Three of the data points — the smallest x value, an x value near the mean, and the largest x value — are labeled with their corresponding leverages. As you can see, the two x values furthest away from the mean have the largest leverages (0.176 and 0.163), while the x value closest to the mean has a smaller leverage (0.048). In fact, if we look at a sorted list of the leverages obtained in Minitab:

HI1

List of Leverages from Minitab
0.176297	0.157454	0.127015	0.119313	0.086145	0.077744	0.065028	0.061276
0.048147	0.049628	0.049313	0.051829	0.055760	0.069310	0.072580	0.109616
0.127489	0.141136	0.140453	0.163492	0.050974

we see that as we move from the small x values to the x values near the mean, the leverages decrease. And, as we move from the x values near the mean to the large x values the leverages increase again.

You might also note that the sum of all 21 of the leverages adds up to 2, the number of beta parameters in the simple linear regression model — as we would expect based on the third property mentioned above.

Example 11-3 Revisited

Let's take another look at the following Influence3 data set:

What does your intuition tell you here? Do any of the x values appear to be unusually far away from the bulk of the rest of the x values? Hey, quit laughing! Sure enough, it seems as if the red data point should have a high leverage value. Let's see!

A dot plot containing just the x values:

tells a different story this time. Again, of the three labeled data points, the two x values furthest away from the mean have the largest leverages (0.153 and 0.358), while the x value closest to the mean has a smaller leverage (0.048). Looking at a sorted list of the leverages obtained in Minitab:

HI1

List of Leverages from Minitab
0.153481	0.139367	0.116292	0.110382	0.084374	0.077557	0.066879	0.063589
0.050033	0.052121	0.047632	0.048156	0.049557	0.055893	0.057574	0.07821
0.088549	0.096634	0.096227	0110048	0.357535

we again see that as we move from the small x values to the x values near the mean, the leverages decrease. And, as we move from the x values near the mean to the large x values the leverages increase again. But, note that this time, the leverage of the x value that is far removed from the remaining x values (0.358) is much, much larger than all of the remaining leverages. This leverage thing seems to work!

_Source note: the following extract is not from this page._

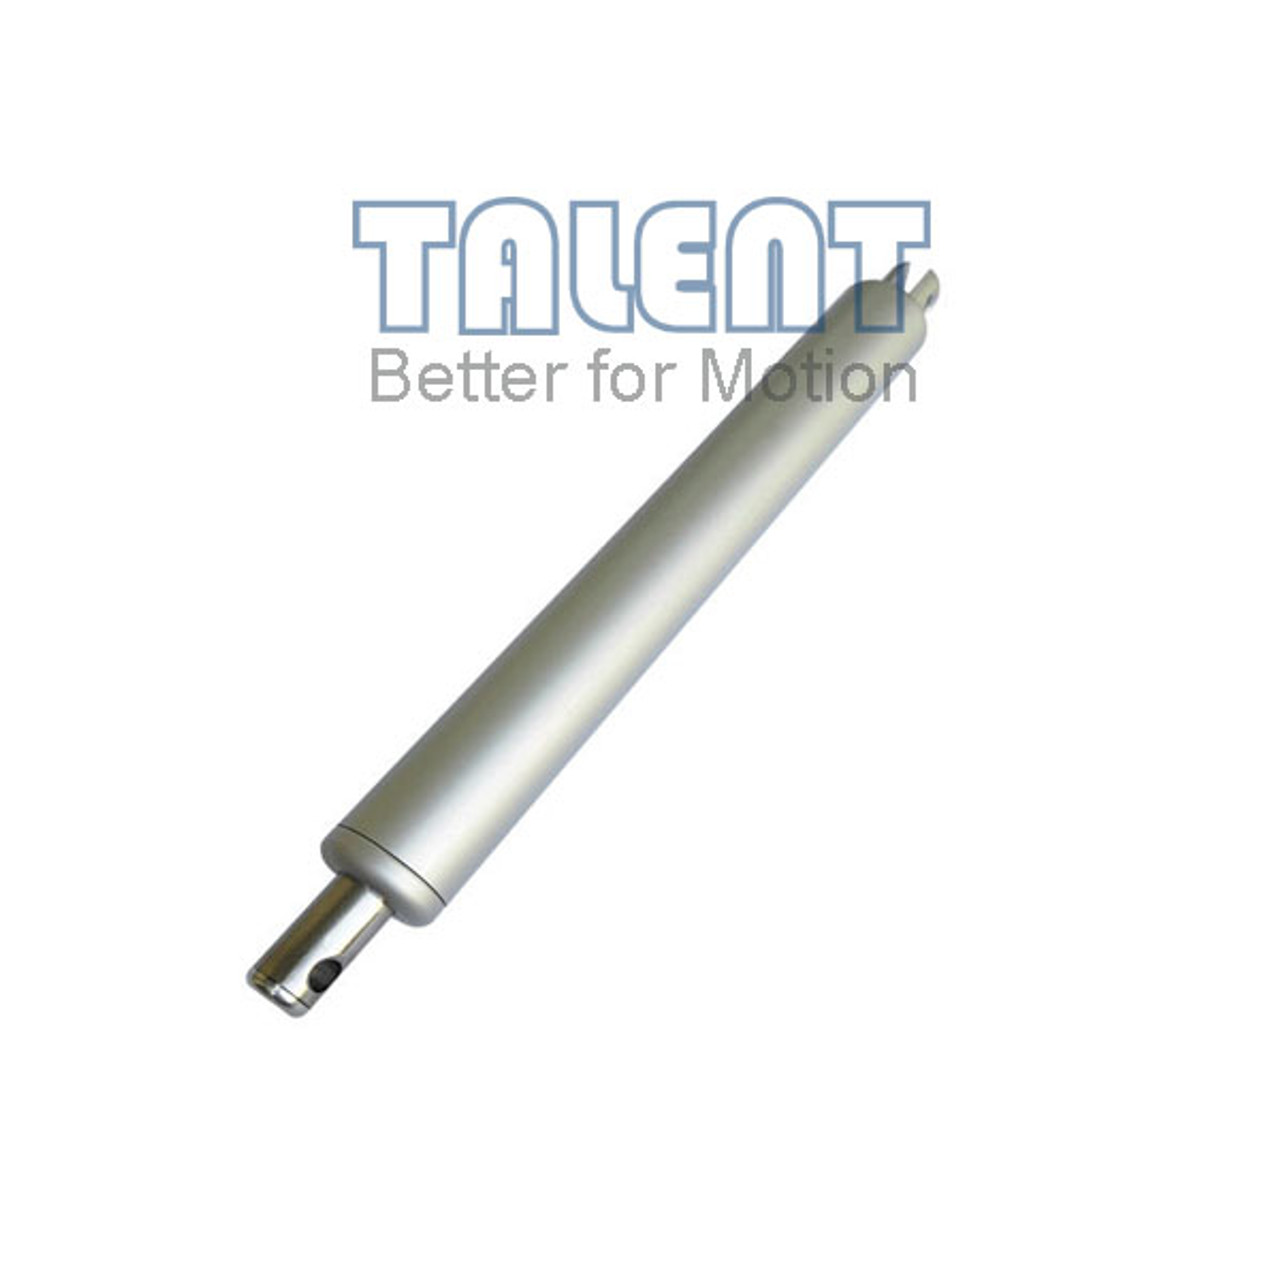 20mm tubular linear actuator, 30N force linear push rod

Oh, and don't forget to note again that the sum of all 21 of the leverages adds up to 2, the number of beta parameters in the simple linear regression model. Again, we should expect this result based on the third property mentioned above.

Identifying data points whose x values are extreme

The great thing about leverages is that they can help us identify x values that are extreme and therefore potentially influential on our regression analysis. How? Well, all we need to do is determine when a leverage value should be considered large. A common rule is to flag any observation whose leverage value, \(h_{ii}\), is more than 3 times larger than the mean leverage value:

\(\bar{h}=\dfrac{\sum_{i=1}^{n}h_{ii}}{n}=\dfrac{p}{n}\)

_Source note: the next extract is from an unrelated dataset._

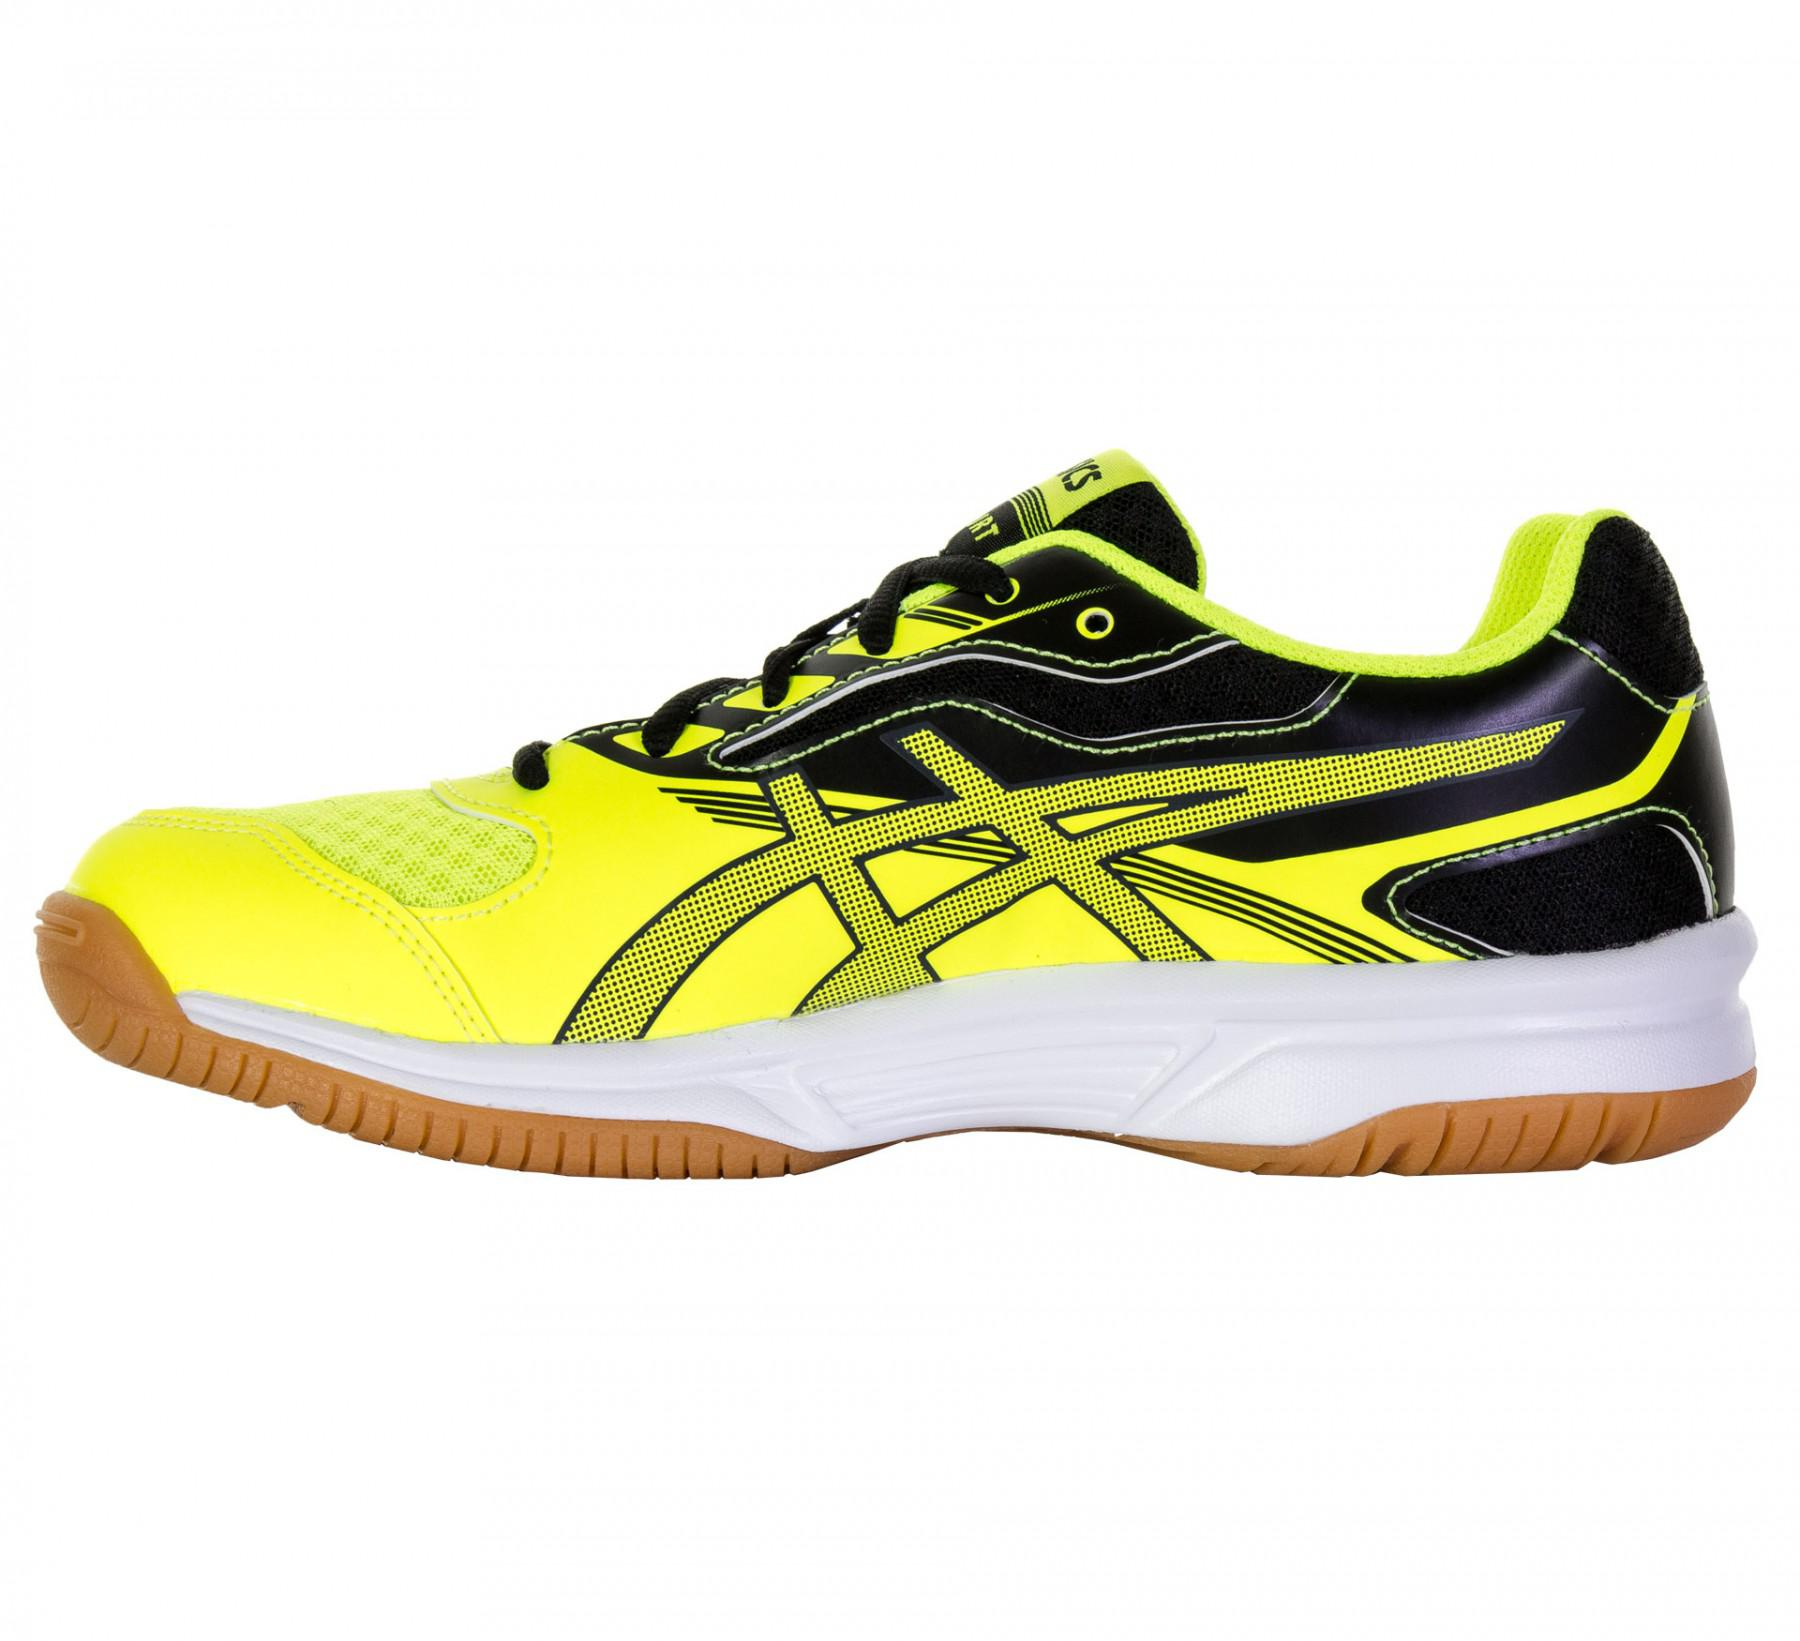 Asics Kids GEL-Upcourt 2 GS Indoor Court Shoes - Safety Yellow Black.  £39.99. Asics Kids GEL-Upcourt 2 ... 3d64d2746be97

This is the rule that Minitab uses to determine when to flag an observation. That is, if:

\(h_{ii} >3\left( \dfrac{p}{n}\right)\)

then Minitab flags the observations as "Unusual X" (although it would perhaps be more helpful if Minitab reported "X denotes an observation whose X value gives it potentially large influence" or "X denotes an observation whose X value gives it large leverage").

As with many statistical "rules of thumb," not everyone agrees about this \(3 p/n\) cut-off and you may see \(2 p/n\) used as a cut-off instead. A refined rule of thumb that uses both cut-offs is to identify any observations with a leverage greater than \(3 p/n\) or, failing this, any observations with a leverage that is greater than \(2 p/n\) and very isolated.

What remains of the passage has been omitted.